Task directions: Without changing a word, repeat the data, and include no pictures.

Input data:

· · · ·

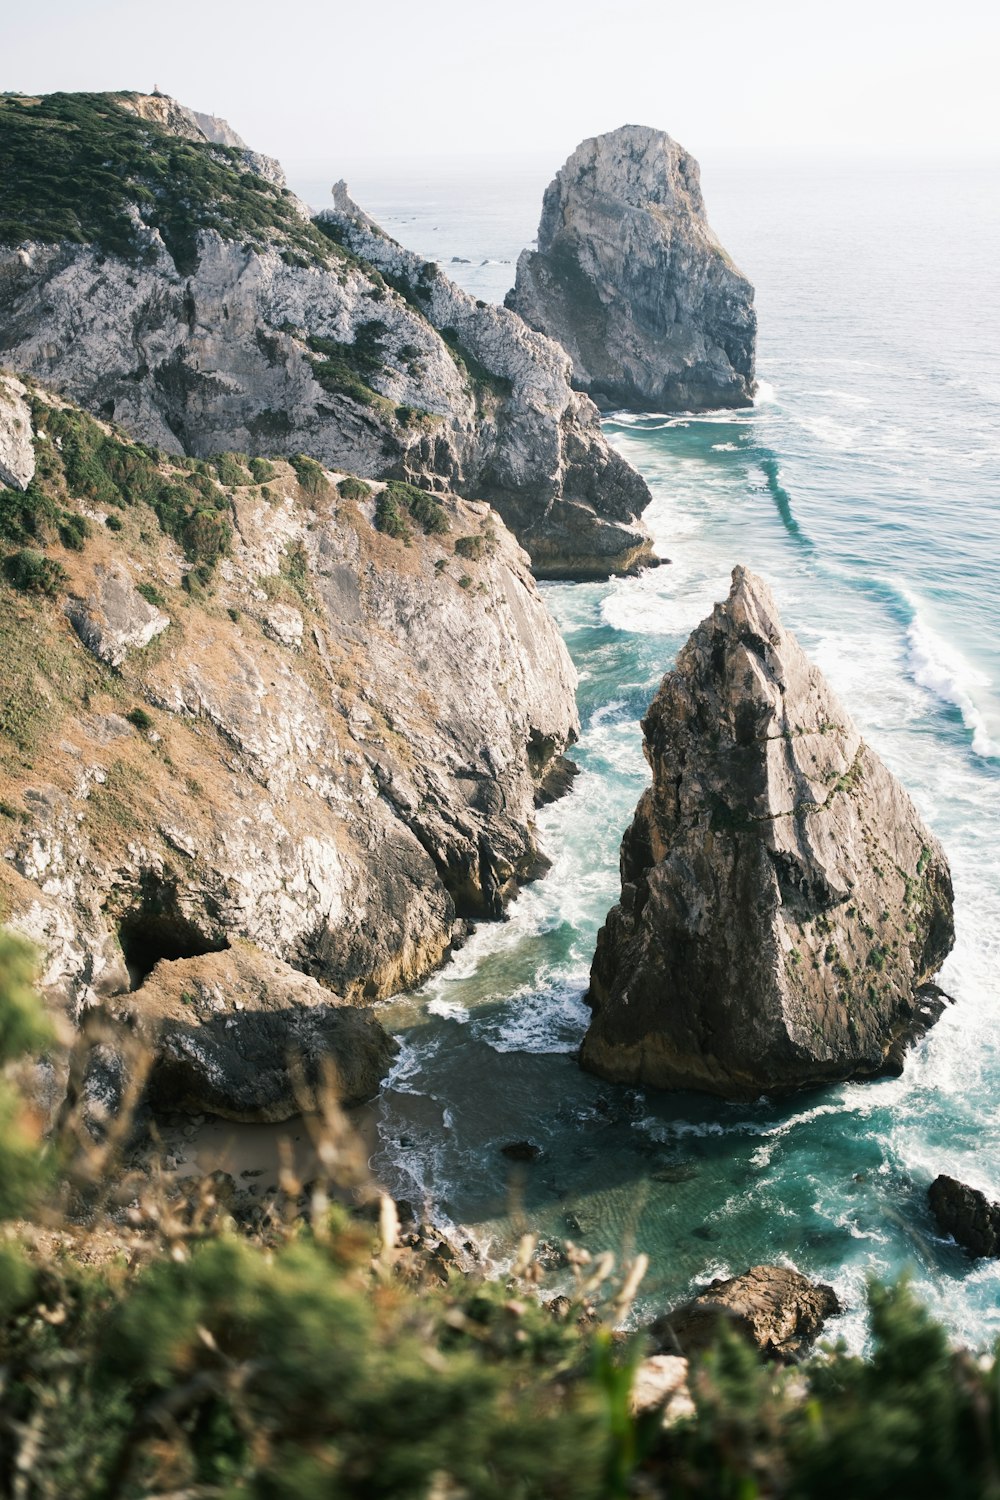 Una vista de un cuerpo de agua cerca de unas rocas
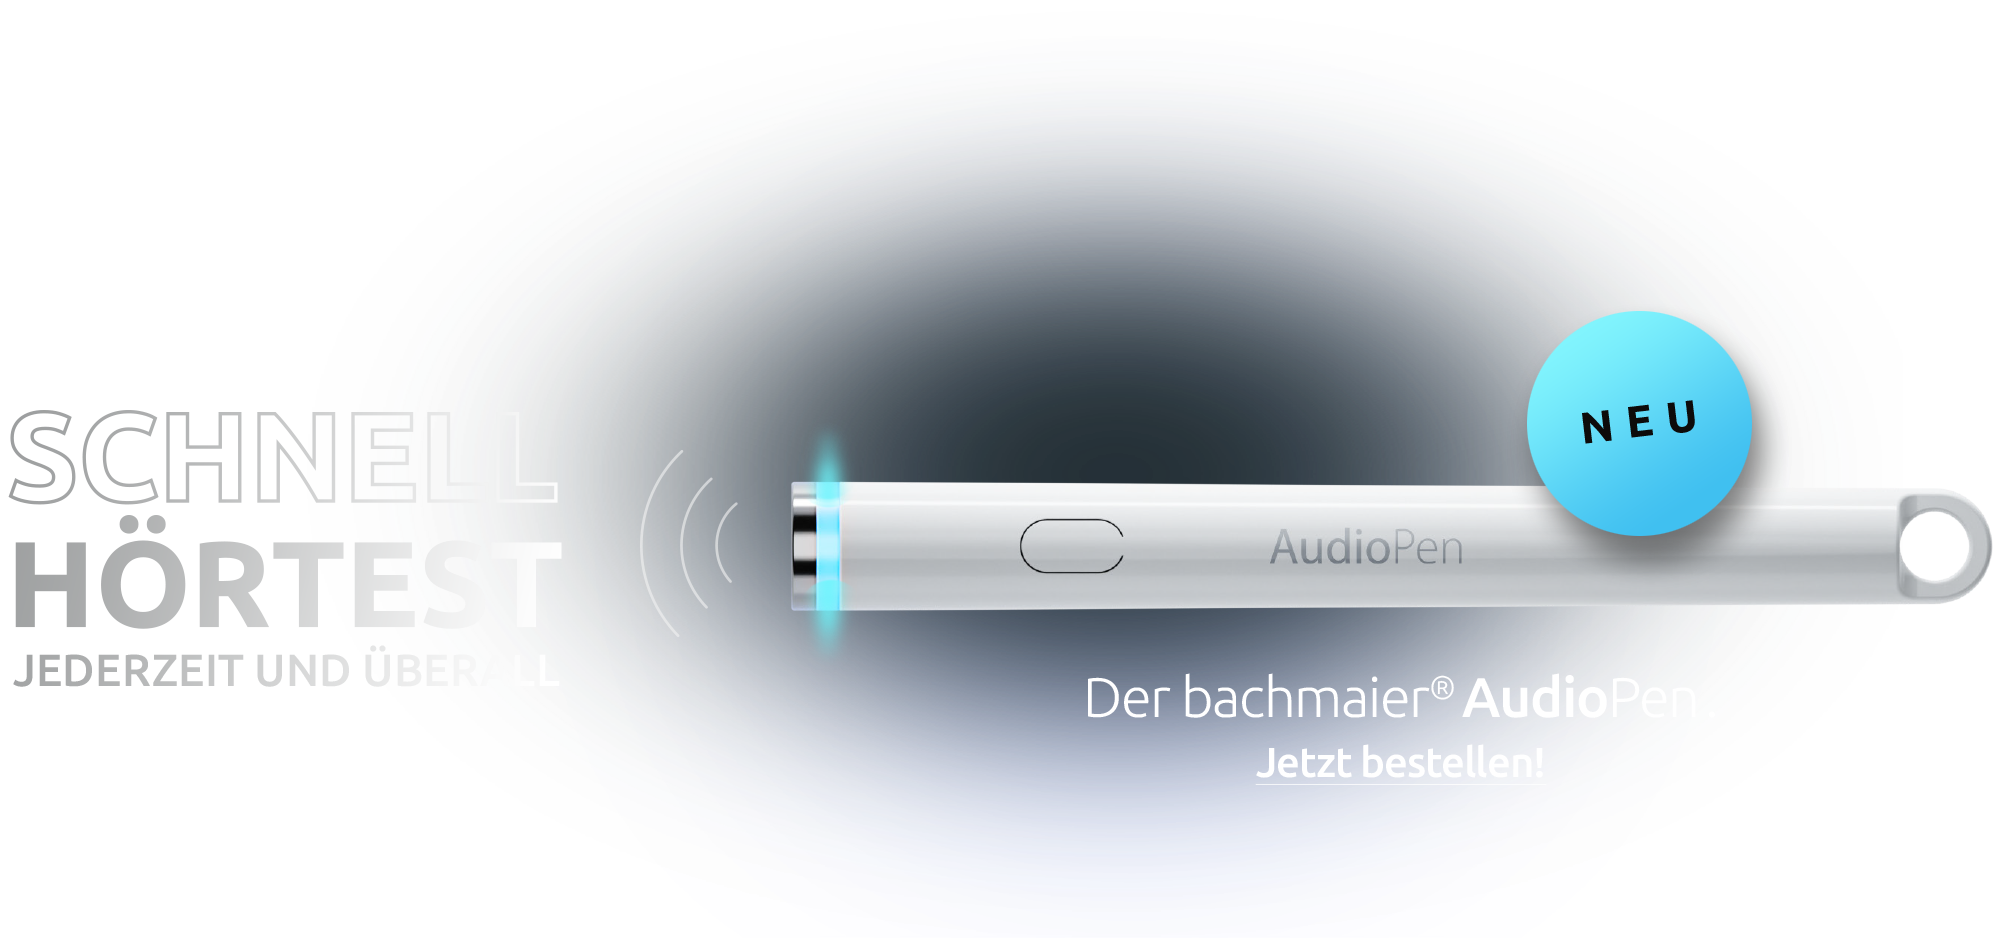 NEU: Der bachmaier AudioPen!
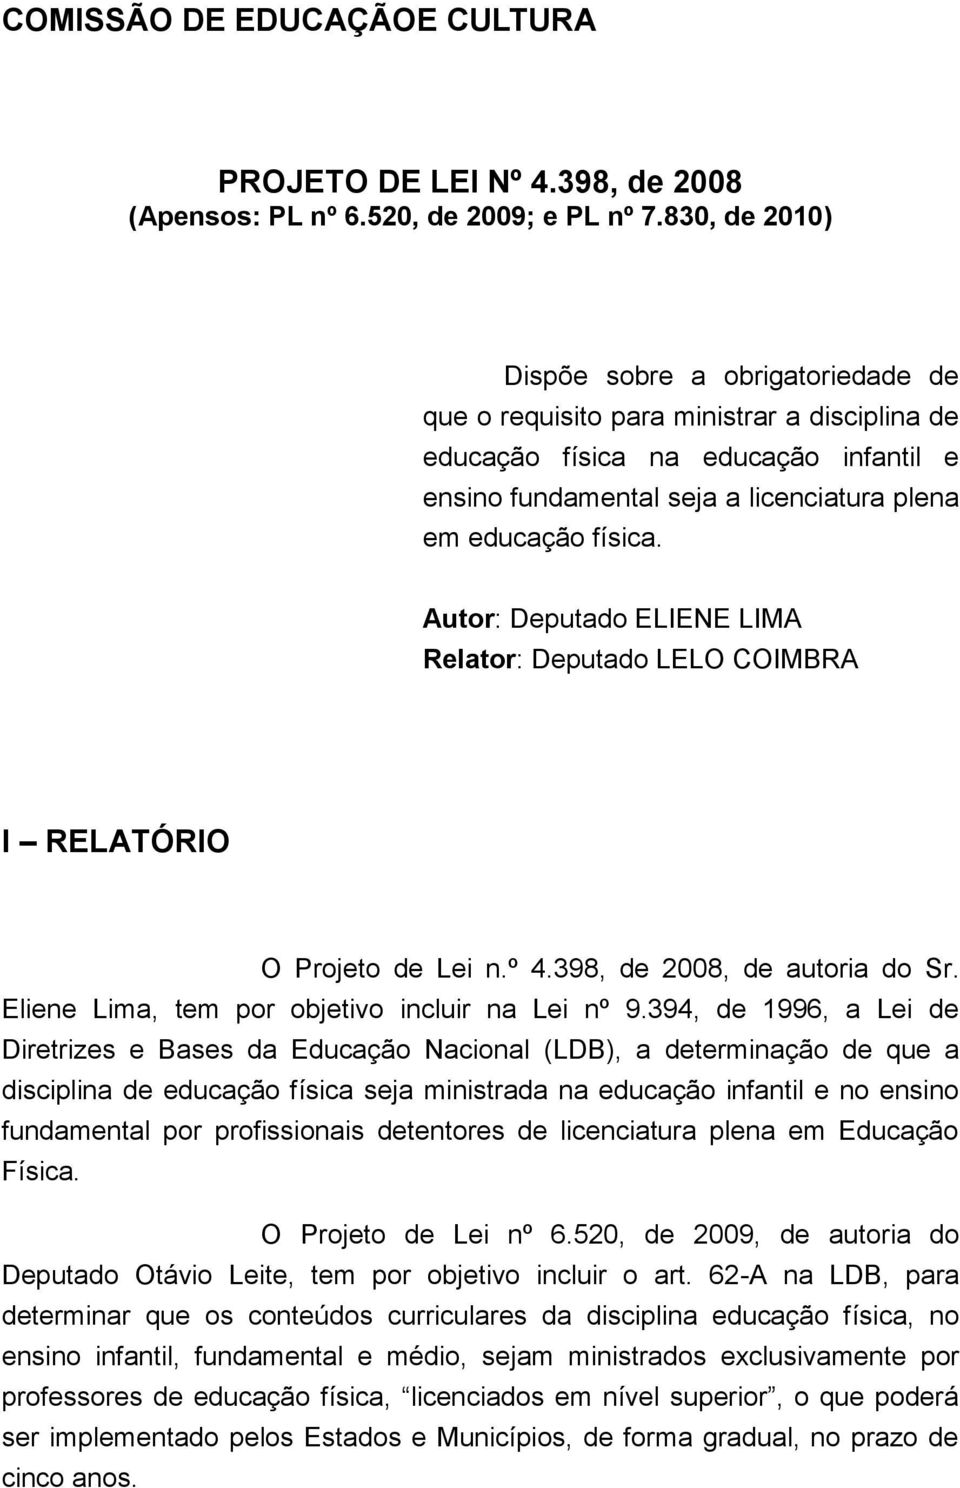 Autor: Deputado ELIENE LIMA Relator: Deputado LELO COIMBRA I RELATÓRIO O Projeto de Lei n.º 4.398, de 2008, de autoria do Sr. Eliene Lima, tem por objetivo incluir na Lei nº 9.
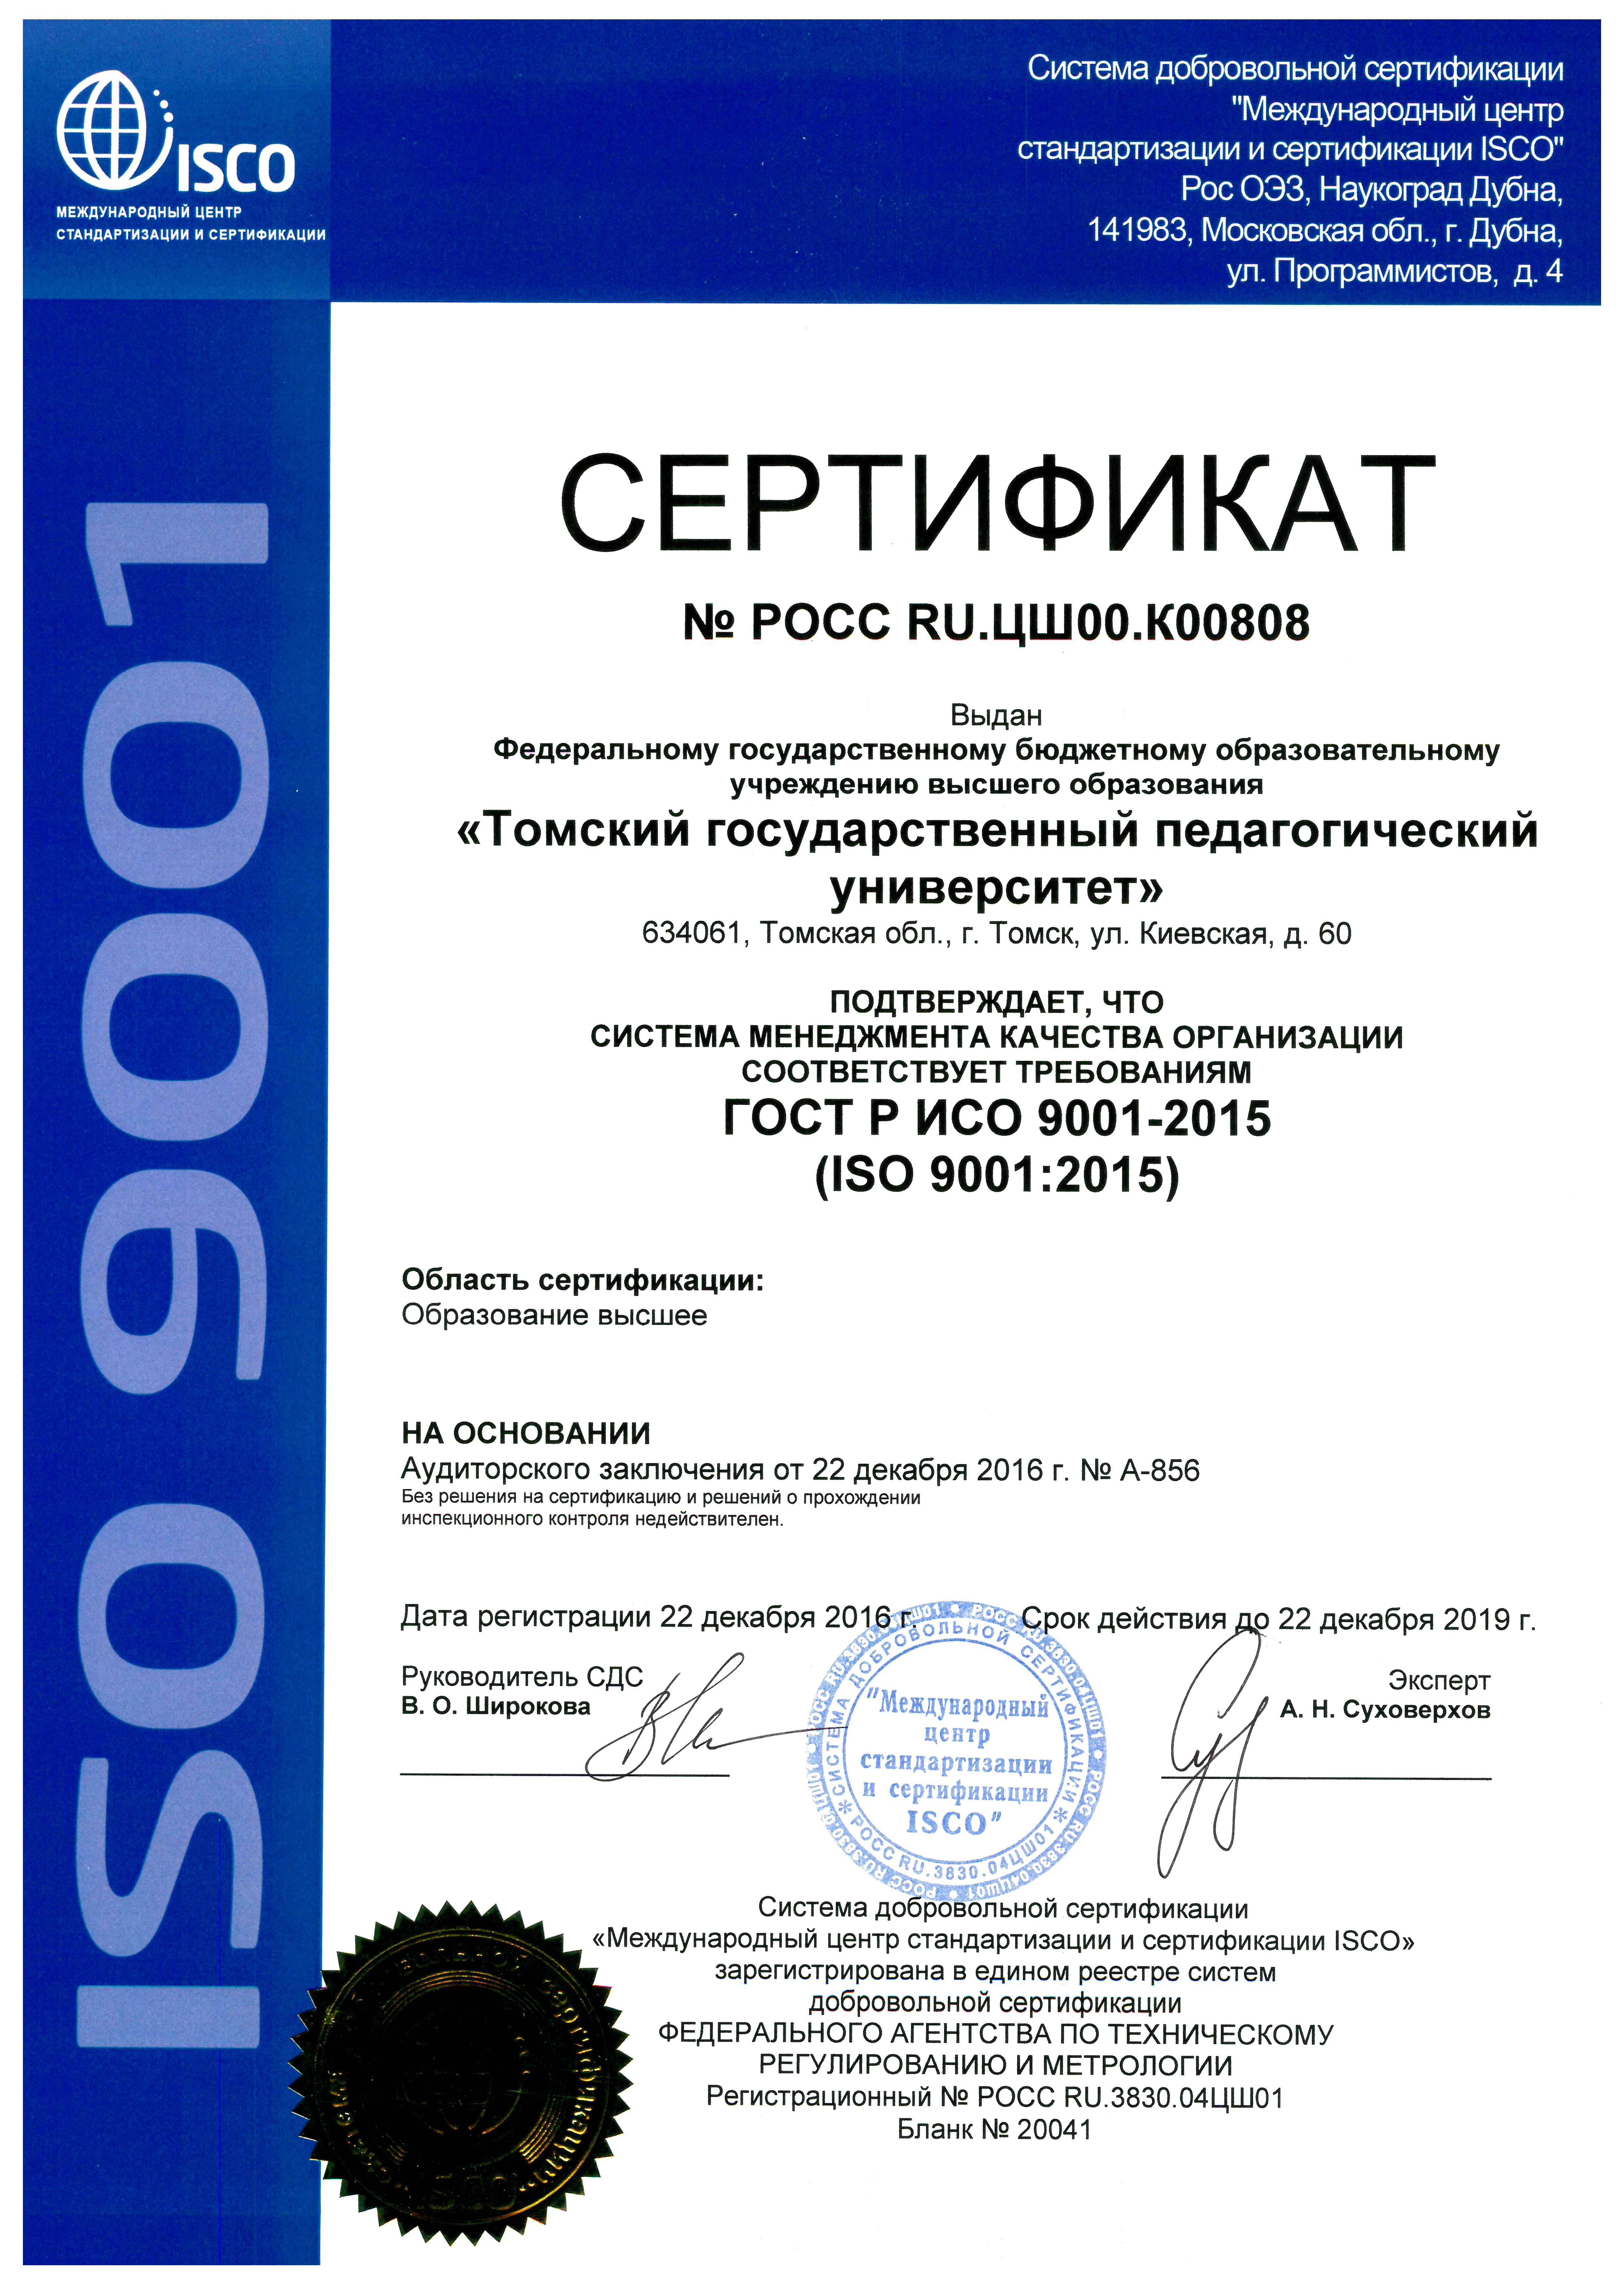 Сертификаты ис. Сертификат ИСО 9001‒2015.«системы менеджмента качества». Сертификат качества ИСО 9001. Сертификат международной системы менеджмента качества ISO 9001. Сертификат соответствия СМК ISO 9001.

· · · ·

Written solution:
 Una vista de un cuerpo de agua cerca de unas rocas
 NEU: Der bachmaier AudioPen!
 Autor: Deputado ELIENE LIMA Relator: Deputado LELO COIMBRA I RELATÓRIO O Projeto de Lei n.º 4.398, de 2008, de autoria do Sr. Eliene Lima, tem por objetivo incluir na Lei nº 9.
 Сертификаты ис. Сертификат ИСО 9001‒2015.«системы менеджмента качества». Сертификат качества ИСО 9001. Сертификат международной системы менеджмента качества ISO 9001. Сертификат соответствия СМК ISO 9001.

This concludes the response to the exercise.